Il est de ces artistes capables de dénicher une pépite à l’intérieur de leur propre travail, et de transformer en spectacle à part entière ce qui ne devait rester, au départ, qu’un fragment d’un ensemble plus grand. Julien Gosselin fait, sans surprise, partie de ceux-là. A l’origine, Le Marteau et la Faucille n’était qu’un segment de Joueurs, Mao II, Les Noms, cette incroyable fresque théâtrale où le metteur en scène fonçait à tombeau ouvert dans l’univers de Don DeLillo. Avec la radicalité qu’on lui connaît, l’artiste avait alors décidé de ne laisser aucun répit aux spectateurs. Au long de ce marathon de dix heures, créé en 2018 au Festival d’Avignon, chacun pouvait aller et venir comme il le souhaitait, mais le torrent dramatique, lui, ne s’arrêtait jamais.
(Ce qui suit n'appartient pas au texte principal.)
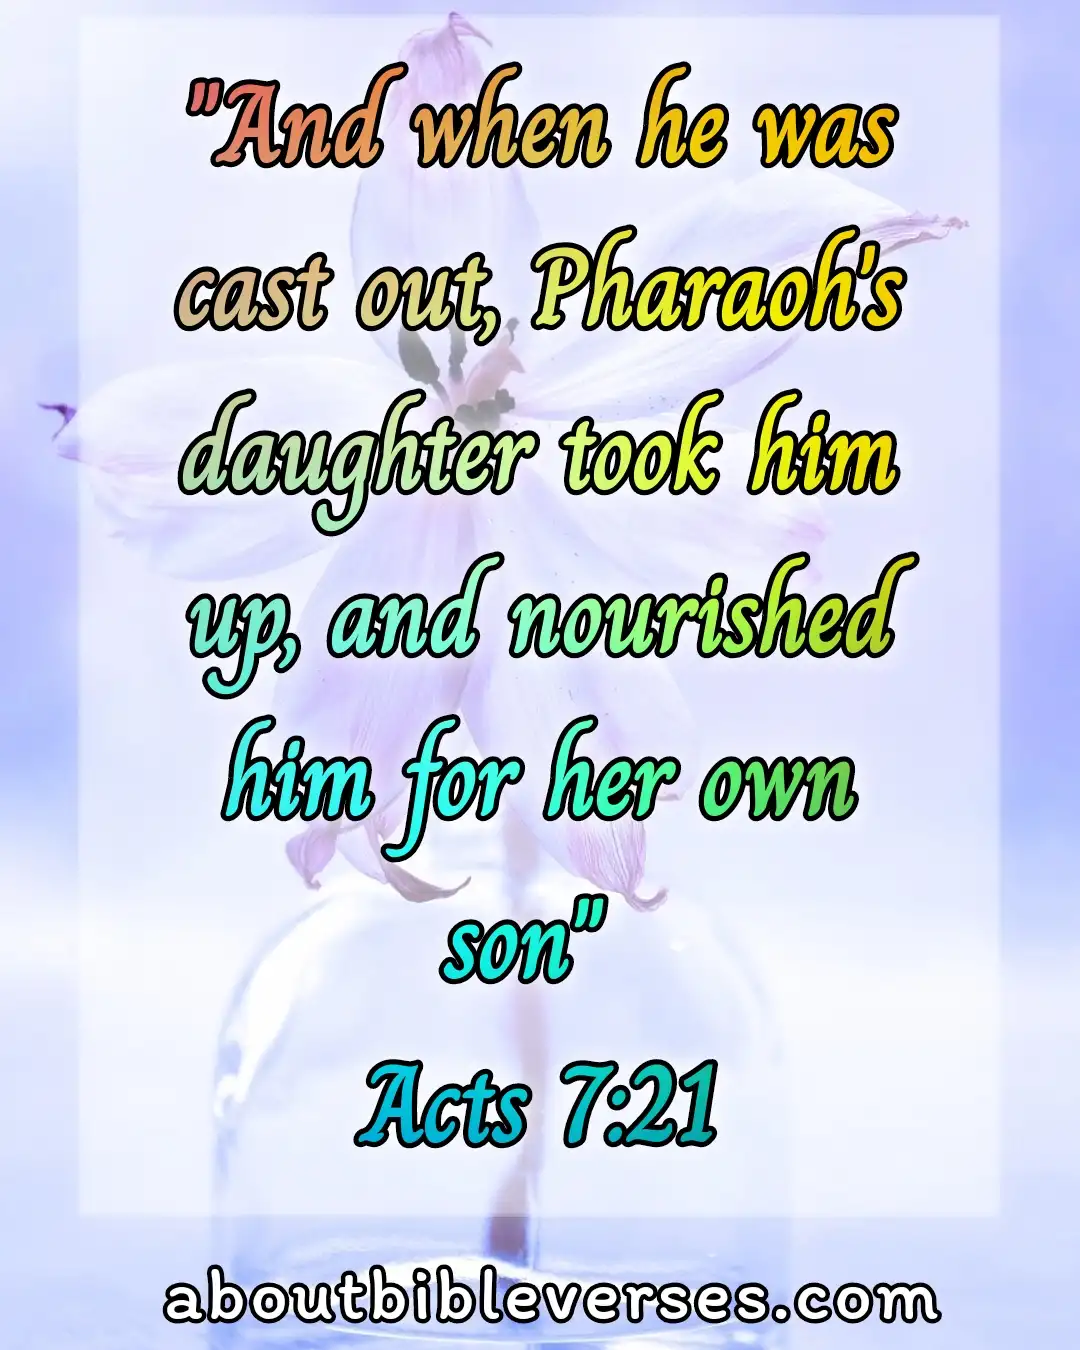 bible verses about adoption (Acts 7:21)

Durant l’un des deux intermèdes de 45 minutes, le comédien Joseph Drouet prenait place, seul, devant une salle clairsemée – l’essentiel du public étant parti dîner –, pour s’emparer de cette nouvelle de l’auteur américain dont la force de frappe autant que l’étrangeté font l’effet d’une déflagration.
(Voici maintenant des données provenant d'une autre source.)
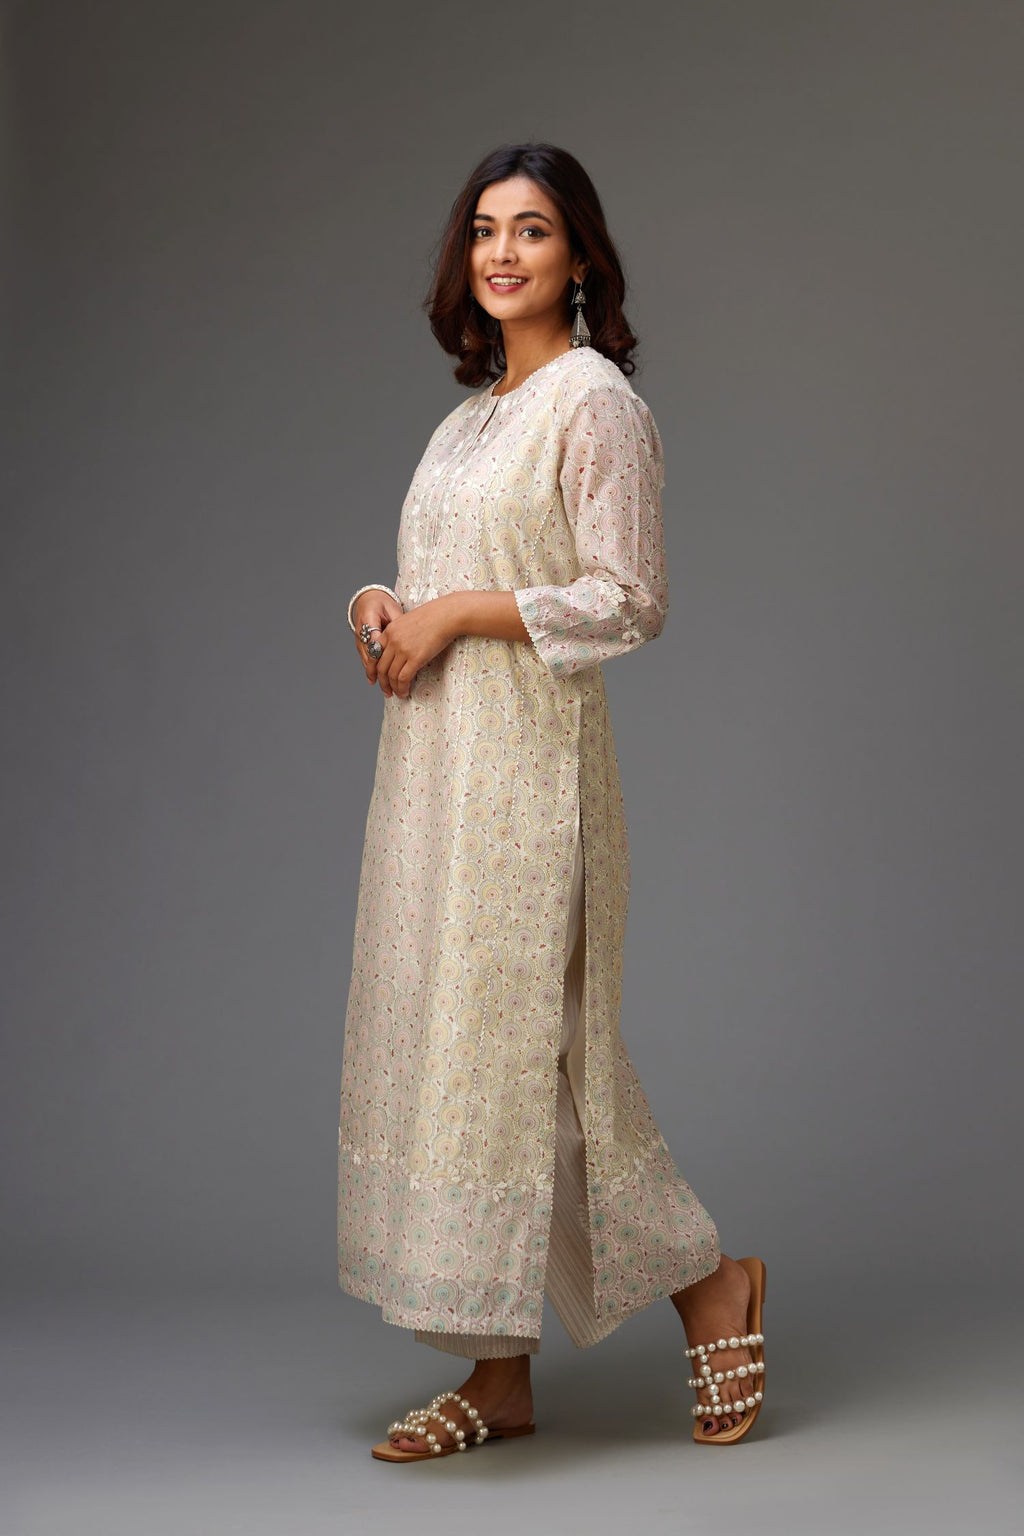 Silk Chanderi hand-block printed kurta set with multi-print panels, highlighted with white thread embroidery and chiffon flowers.

Aujourd’hui isolé, ce fragment gagne en force ce qu’il perd en contextualisation, et s’impose pour ce qu’il est réellement : une performance à l’intérieur de la performance. Puissant de son autonomie, solide en solitaire, il constitue l’un des derniers textes de Don DeLillo, inspiré par la crise financière de 2007-2008. D’emblée, un homme, Jerold Bradway, se souvient : « Nous traversions la passerelle au-dessus de l’autoroute, 39 hommes en survêtement et tennis, flanqués de surveillants par-devant, par-derrière, et sur les côtés, six en tout. » Après avoir devisé sur ces voitures qui, en contrebas, s’élancent à toute vitesse vers le nord ou vers le sud, il se retrouve happé par ce qui peut s’apparenter à un rêve, une réminiscence ou une prémonition. Bientôt, le voilà qui décrit l’intérieur d’un « camp » dont on comprend vite qu’il est réservé aux cols blancs, et plus précisément aux délinquants en col blanc. Comme Sylvan Telfair, « un banquier international qui avait pratiqué la manipulation des dangereux instruments de la finance offshore », et Feliks Zuber, condamné à 720 ans de réclusion pour avoir construit « un montage d’investissements qui avait impliqué quatre pays, causé la chute de deux gouvernements et la faillite de trois multinationales », Jerold Bradway fait partie de ces détenus mis à l’écart, en marge du reste d’un monde en pleine panique économique, politique, sociale et morale.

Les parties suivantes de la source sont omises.